Florida ports have moved to restrict ship navigation as Hurricane Milton intensifies as it heads up the state’s coast and threatens to become a Category 4 or 5 hurricane before moving through Central Florida.

Earlier Monday, Chevron said it had shut down its Blind Faith platform and evacuated all personnel as a precaution.

“Production from our other Chevron-operated Gulf of Mexico assets remains at normal levels,” Chevron said in a media update as weather services, forecasters and producers in the Gulf of Mexico track the path of Hurricane Milton.

Hurricane Milton will make landfall in Florida later this week after passing through the US Gulf of Mexico.

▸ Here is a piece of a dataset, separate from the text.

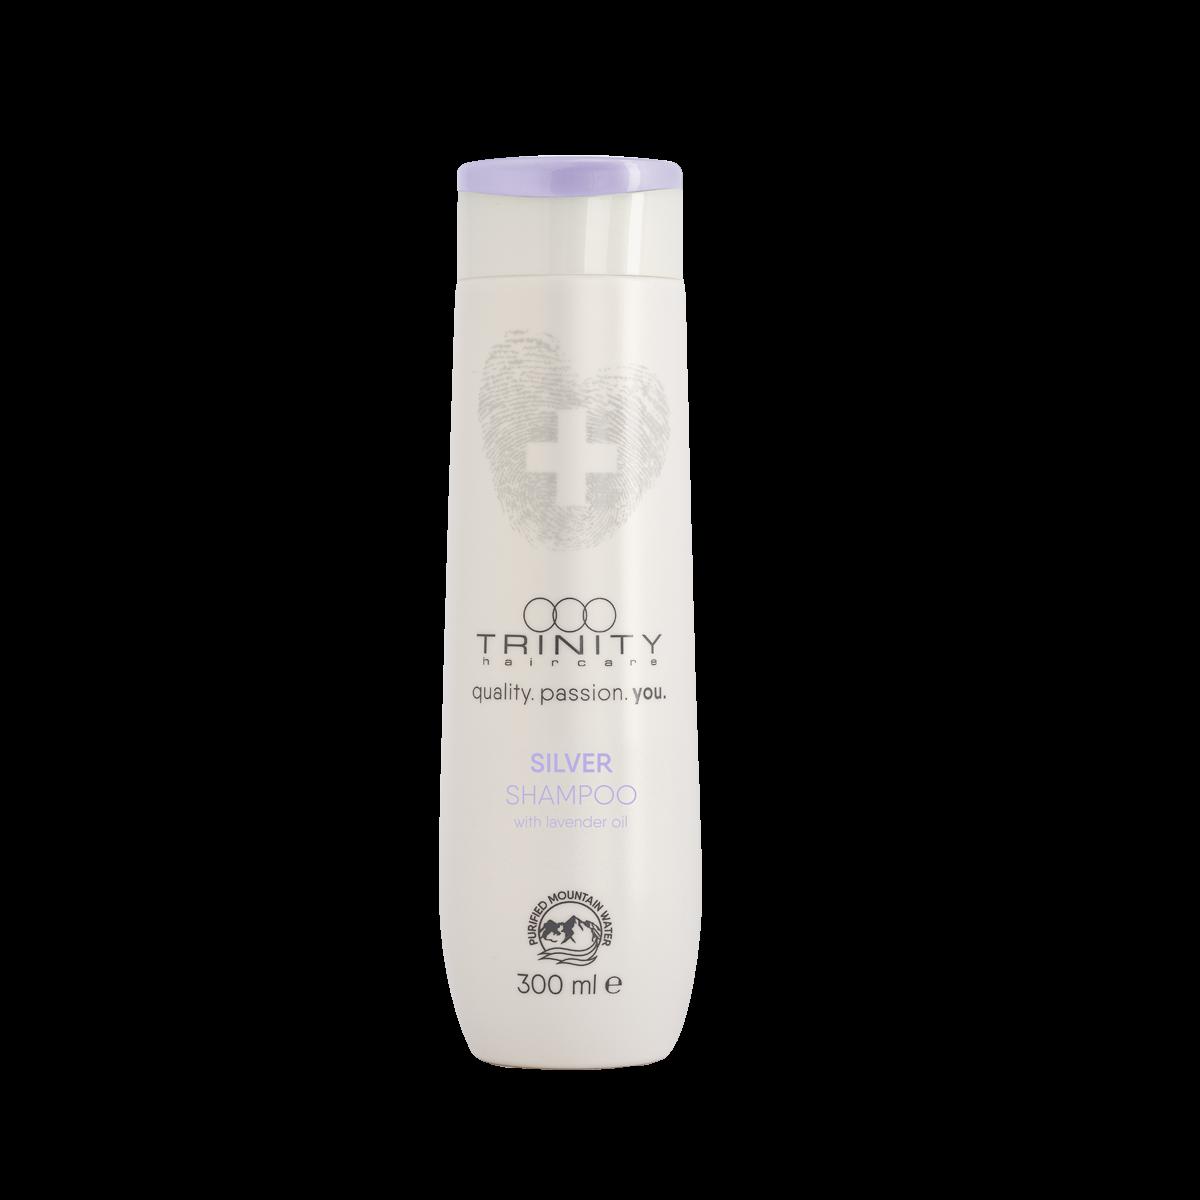 Trinity Hair Care Шампунь Essentials Silver Reflex Shampoo Оттеночный Серебряный, 300 мл

By Monday afternoon, Milton had strengthened to a Category 5 hurricane with sustained winds of 160 miles per hour as it headed toward Florida, with forecasters warning of a major storm surge in Tampa Bay. The warning was issued for most of the west coast of Florida, according to Associated Press (AP).

Reuters reports that most energy assets along the US Gulf Coast are expected to stay out of the storm’s direct path, although precautionary shutdowns could lead to brief supply disruptions.

Producers in the US Gulf of Mexico have shut down some rigs and been producing in recent weeks ahead of other tropical storms and hurricanes in the area. At the beginning of September, Hurricane Francine led to the shutdown of Shell assets, while the subsequent Hurricane Helene, for which cleanup and rescue is still ongoing, claimed at least 230 lives but spared oil and gas infrastructure.

According to forecasters cited by the AP, Hurricane Milton could hit the coast in the Tampa Bay area on Wednesday and then cross central Florida towards the Atlantic Ocean.